Last week, the dollar sank significantly on the back of a national holiday celebration and the dovish FOMC Minutes.
This week, investors will focus on the speech of the Fed Chairman due on Wednesday as he may give some clues as to the future stance on monetary policy.
Jerome Powell has already warned that the regulator may continue hiking rates aggressively. So, the greenback may feel additional support from the Fed in the final days of November. Above all else, the dollar index as a safe-haven asset is strengthening amid protests in China, trading at 105.6 during the Asian session.
In the meantime, the Japanese yen is trading lower against the dollar. Currently, the quote is moving down in the range of 137.8.
Meanwhile, expectations of a less hawkish Fed provide support for the yen, especially following the statement of Haruhiko Kuroda, the governor of the Bank of Japan, who said today that there was still no need in reviewing the central bank’s policy.
On Monday, with an increase in risk aversion, the yen is going down against the US dollar in the price corridor of 137.5–139.5. Should the quote fall below 138, it may then drop to 135.8–135.6. Alternatively, the bulls may attempt to push the price above the barrier of 140.
RBA Governor Philip Lowe also commented on the situation in the market and signaled a flexible approach to monetary policy, even despite a fall in retail sales figures in October.
This month, the RBA raised interest rates by 0.25%, less than expected. And there is now growing speculation in the market that the bank will again be dovish in December. In this light, the measures of the Reserve Bank of Australia aimed at strengthening the national currency do not seem to be very effective.

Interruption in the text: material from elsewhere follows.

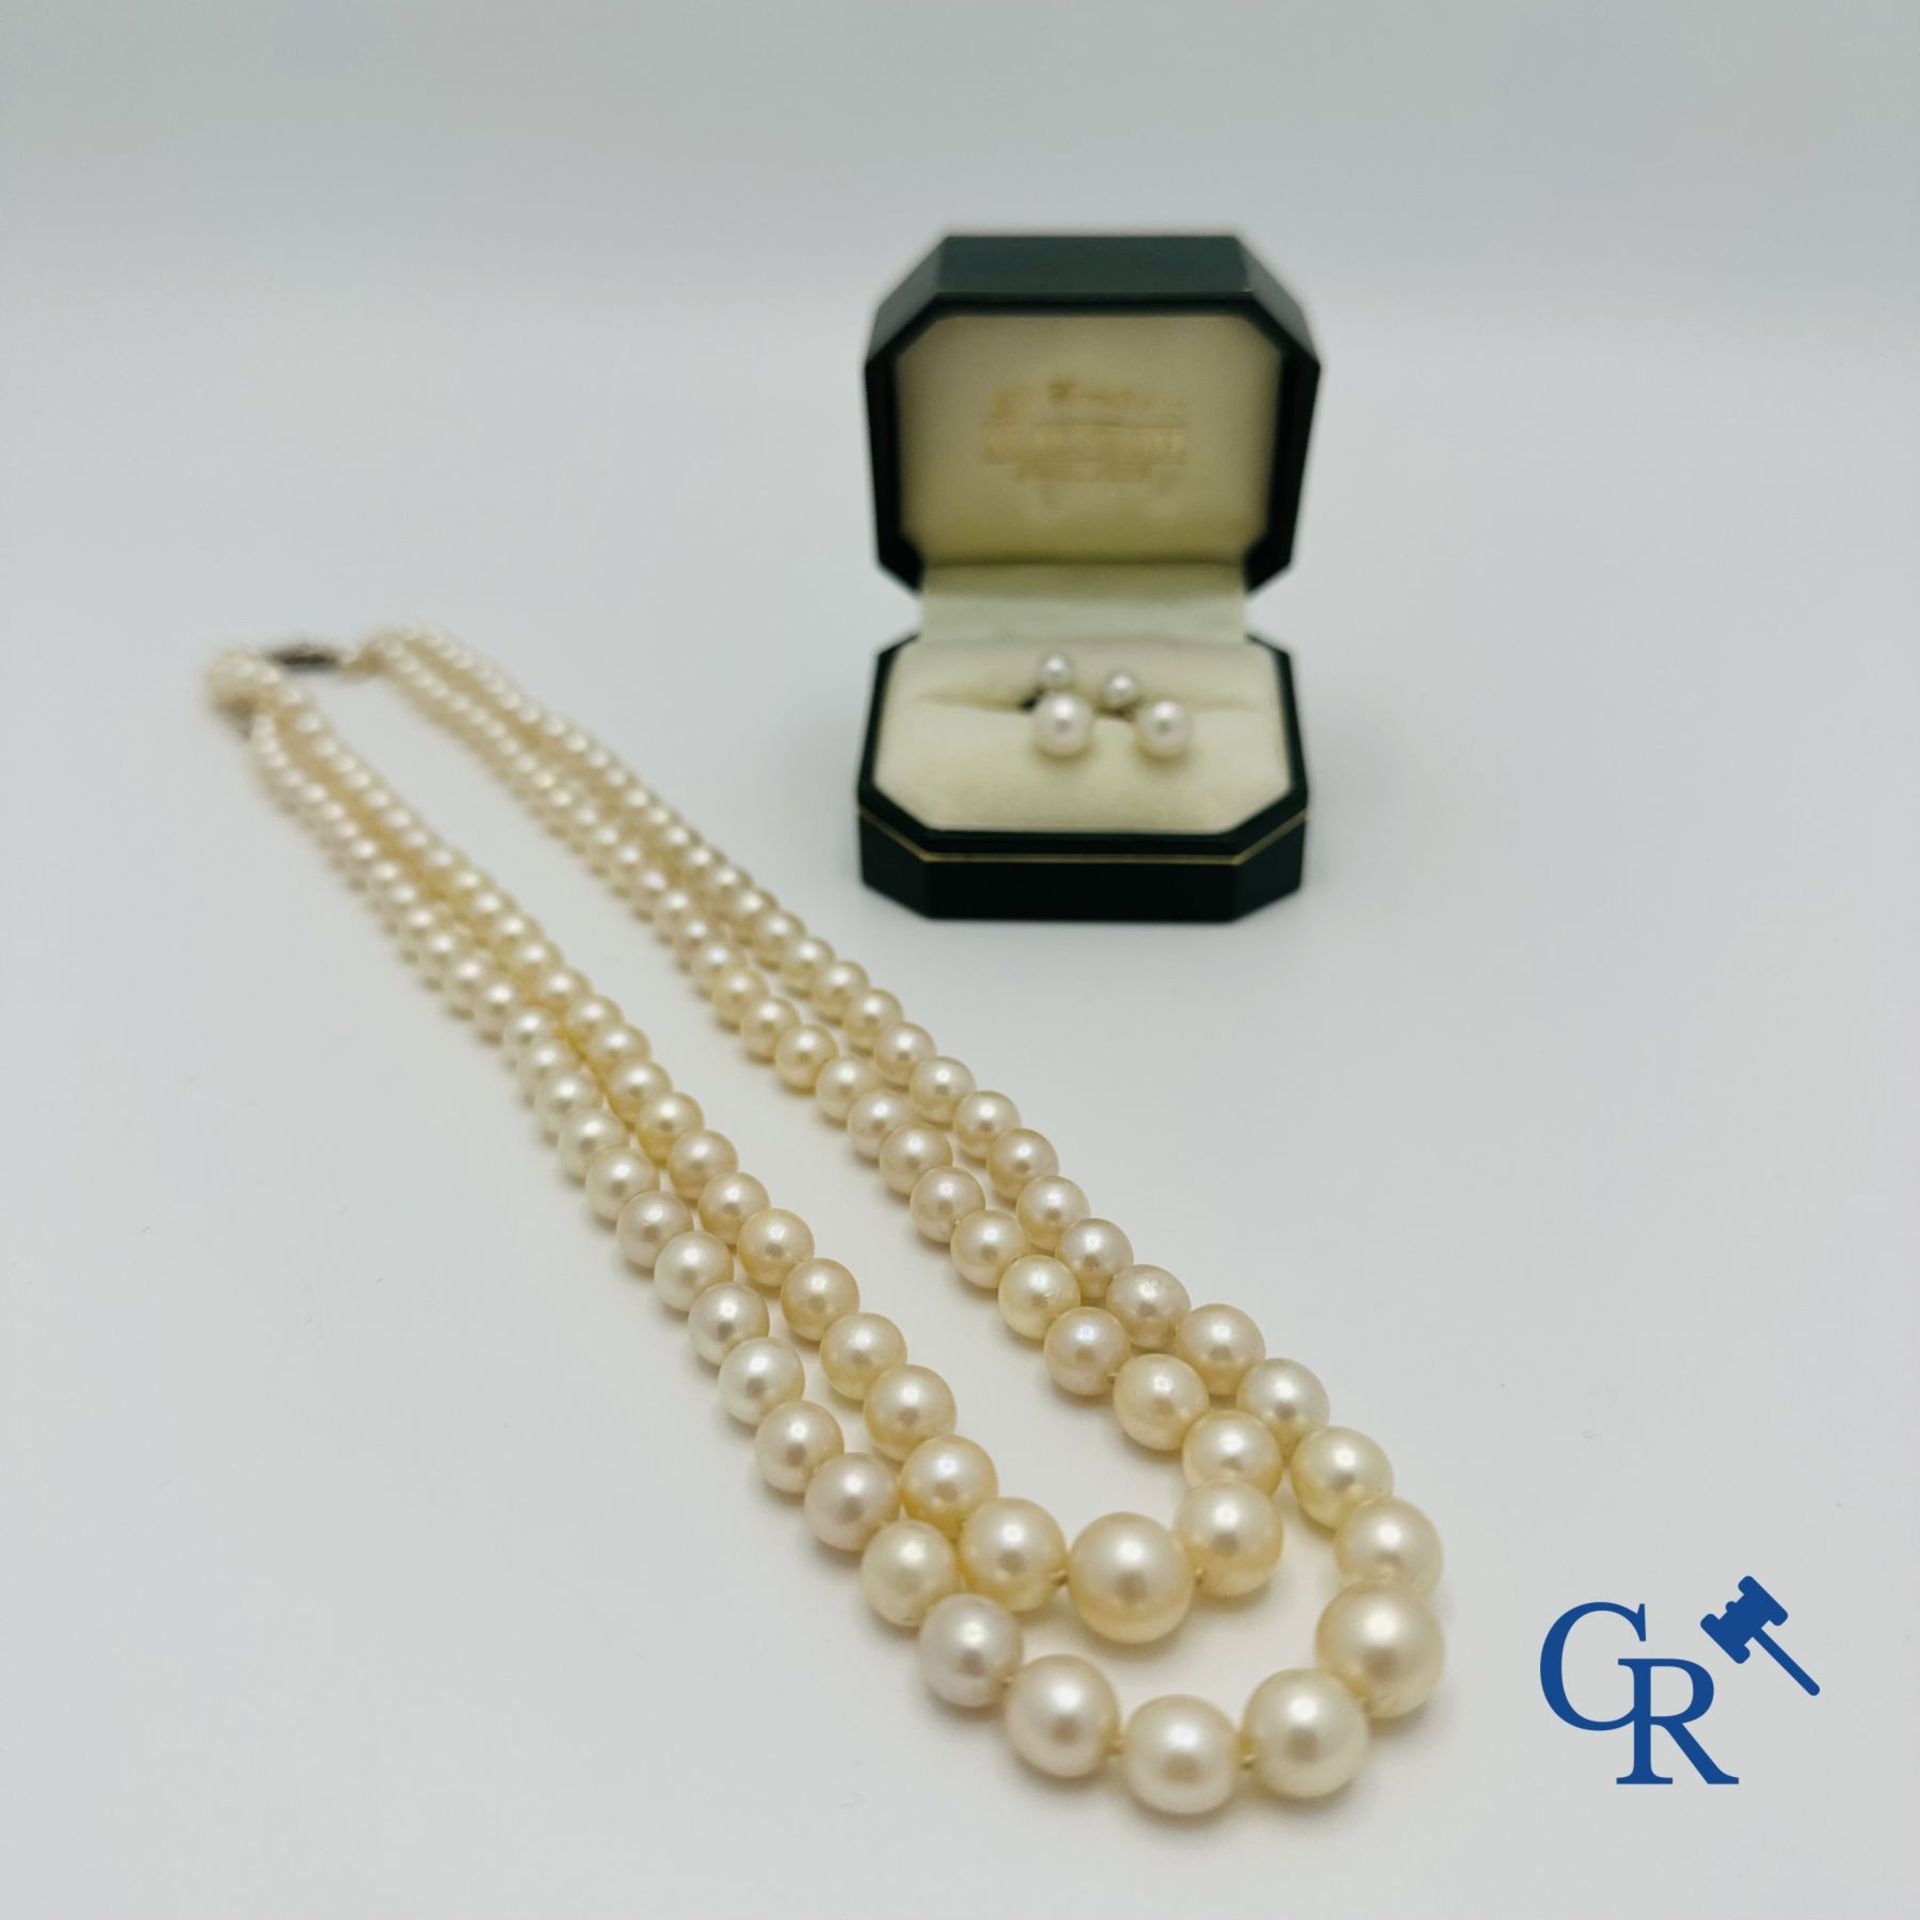 Jewellery: Lot consisting of a pearl necklace with gold clasp 18K and a pair of earrings in white go - Image 2 of 5

In the meantime, the Aussie dollar is feeling pressure from the stronger US dollar and China’s unrest. Additional pressure comes from oil prices that trade at their 2022 low today.

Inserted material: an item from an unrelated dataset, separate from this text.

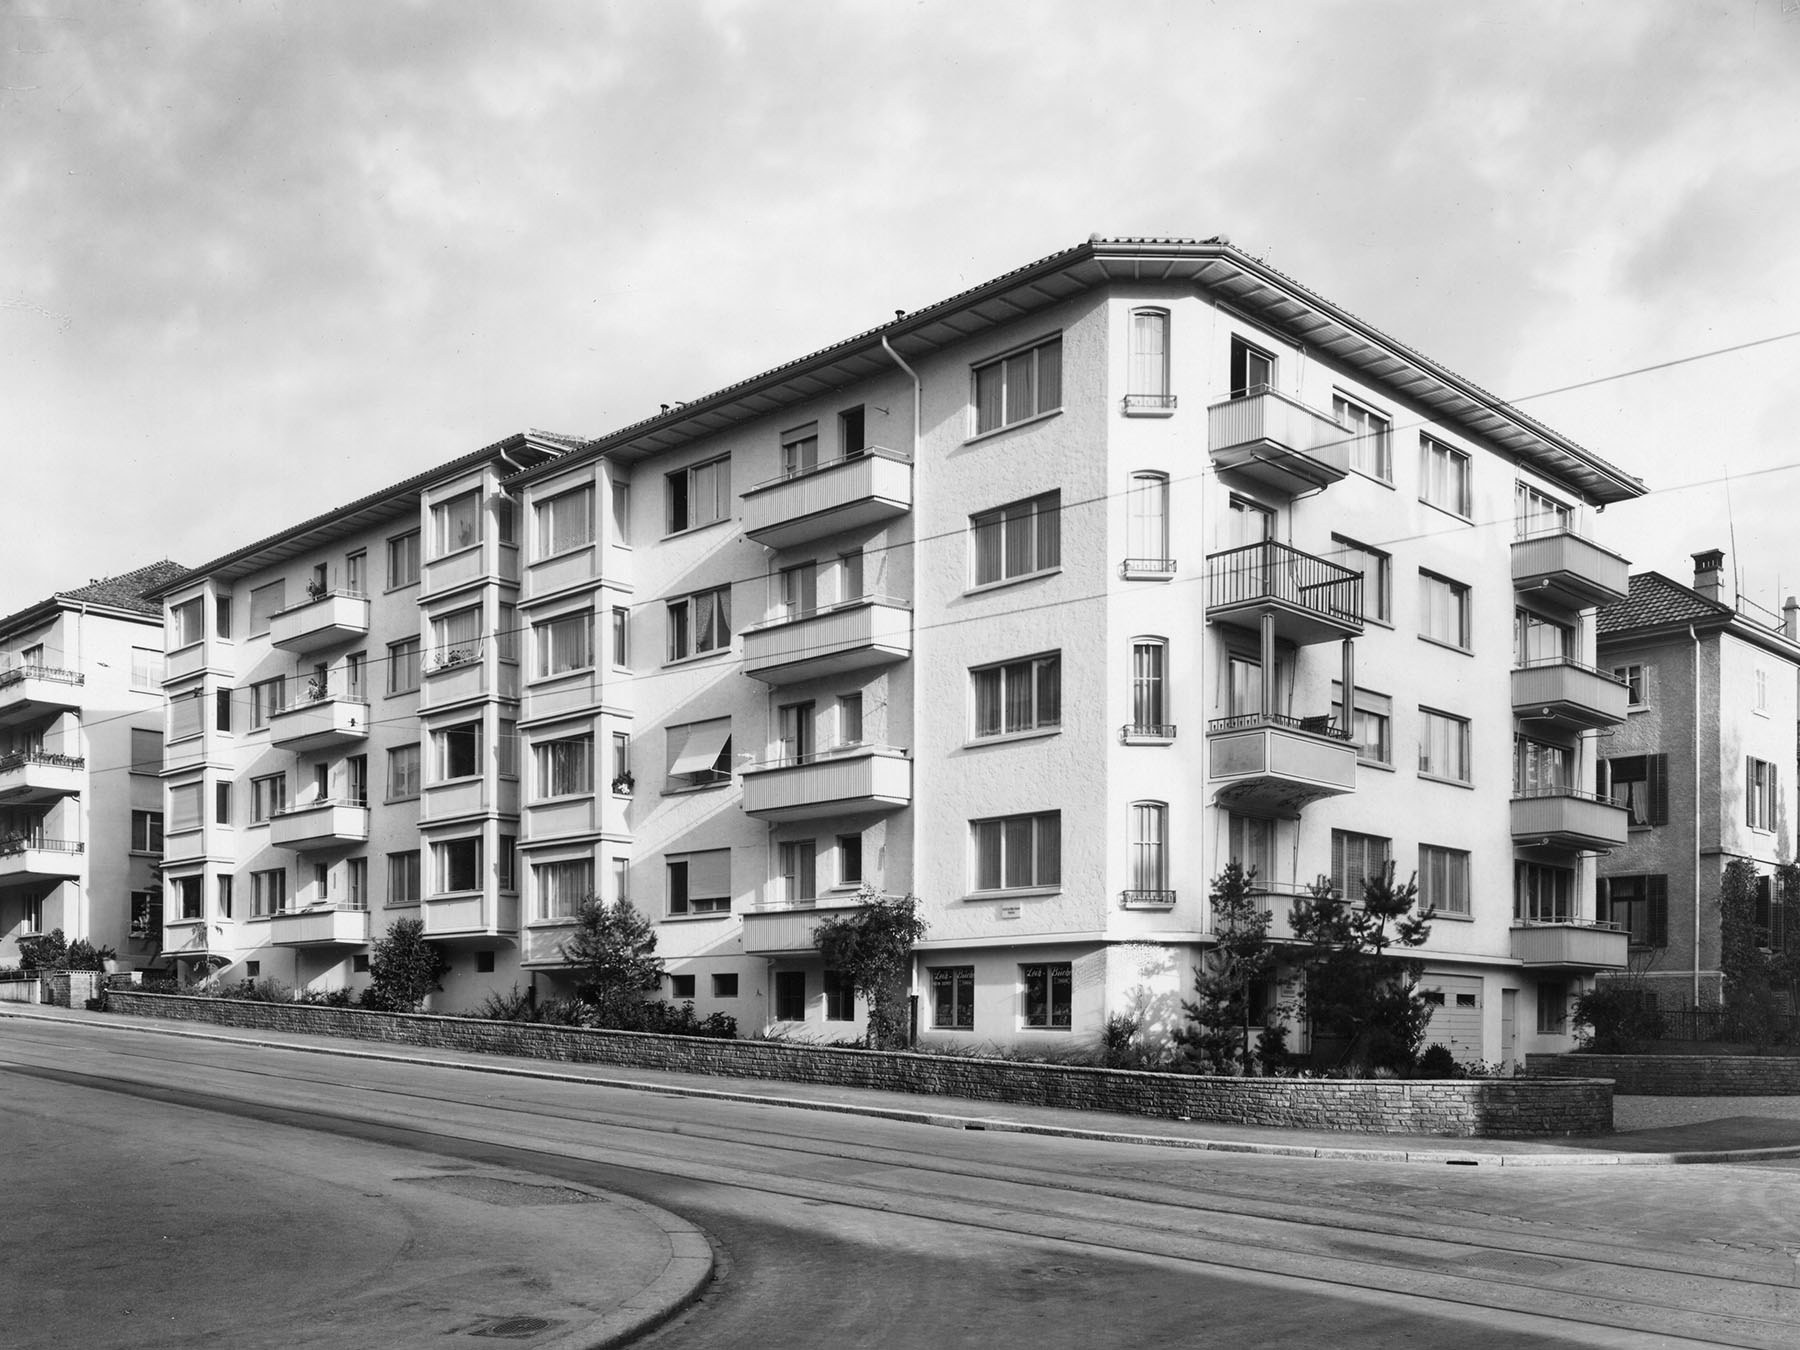 The corner house at Freiestrasse 101, Zurich, 1945. (Image: Wolf-Bender’s Erben/Architectural History Archive of the City of Zurich)

Earlier on Monday, the Australian dollar tumbled to 0.6710. During the Asian session, the AUD/USD pair is still moving down between 0.6754 resistance and 0.6665 support.

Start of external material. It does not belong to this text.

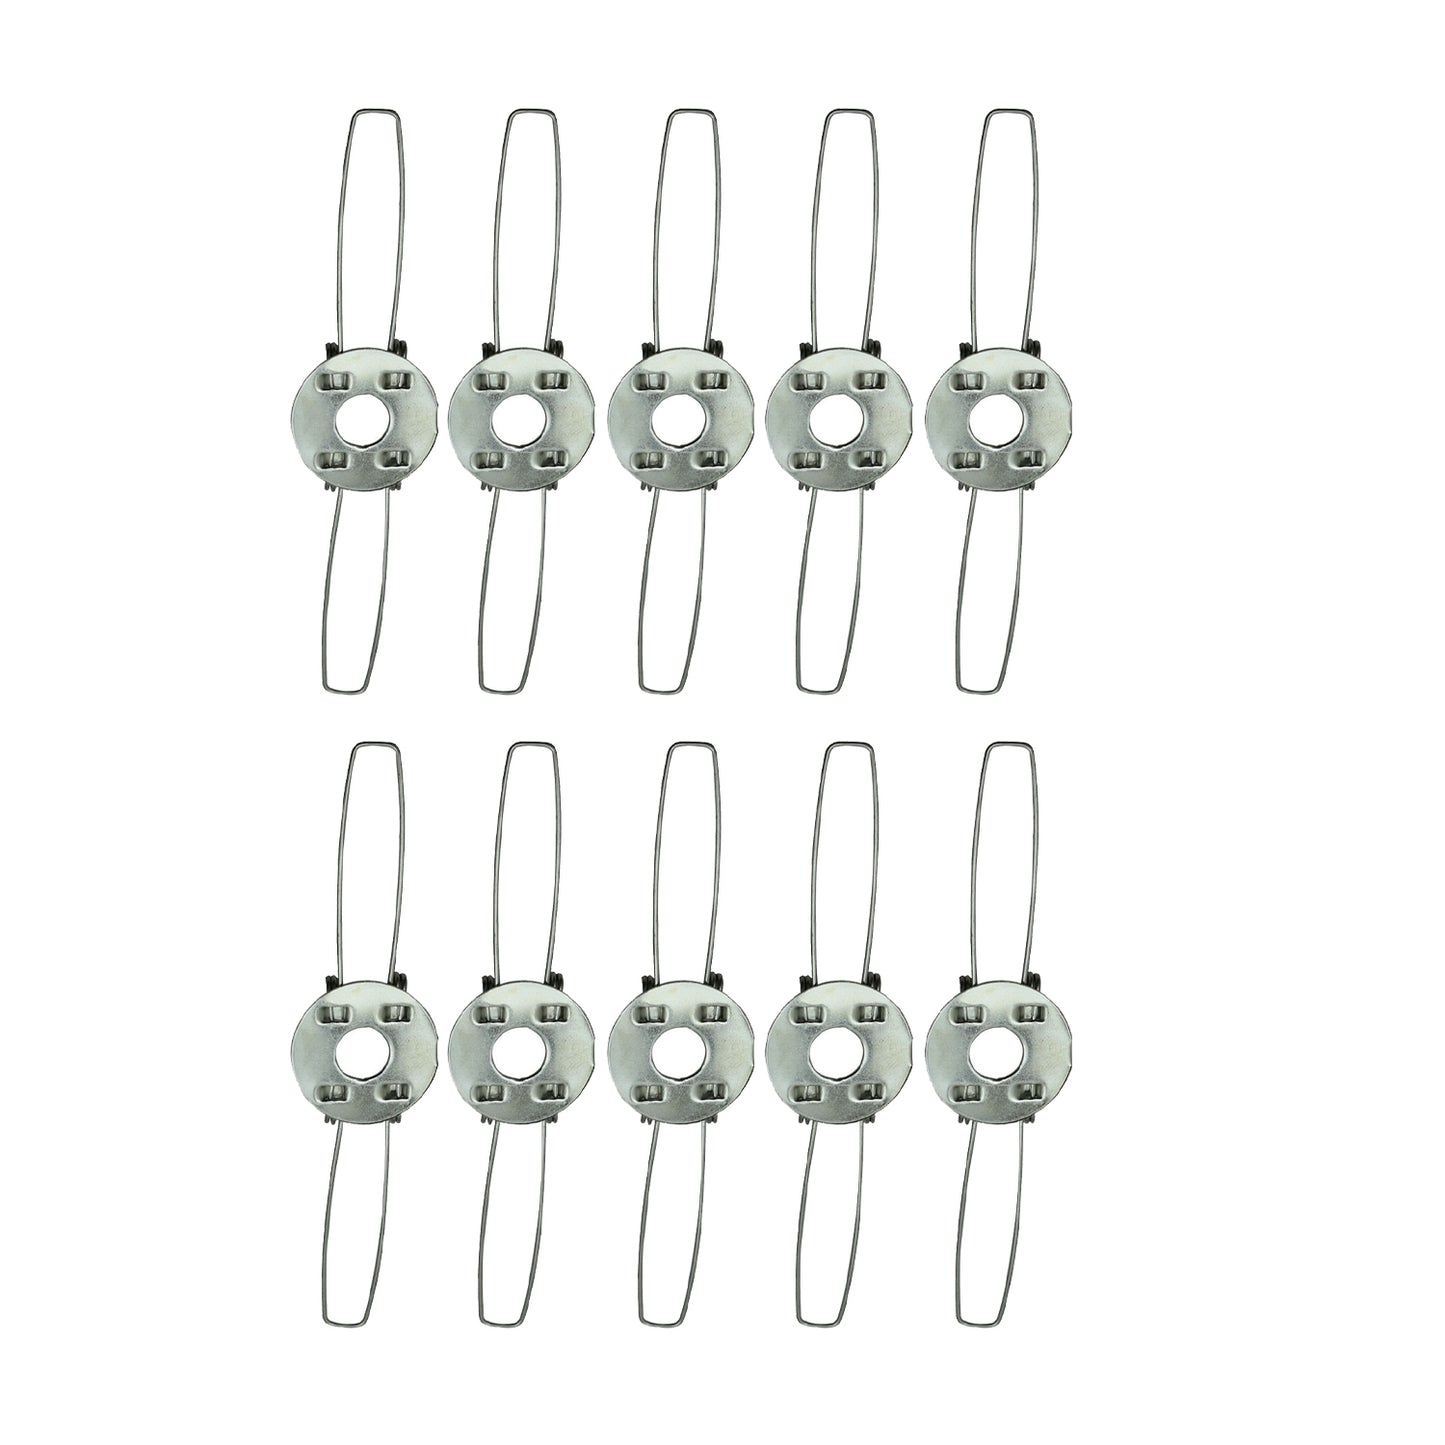 Spring Clip Retainer for Lamp Shade.JPG

The bears are trying to regain control over the market with the price hovering near the key support level of 0.6690. The Aussie dollar is about to fall steeply. However, if the currency consolidates above the psychological level of 0.6775, it may then quickly return to the monthly high of 0.6800 with the target seen at around the September high of 0.6915.
As we can see the situation in the market changes fast and largely depends on the news stream. This trading week is going to be busy and marked with numerous macro releases in the United States and the eurozone.
Have a nice and productive trading week. See you in our next videos.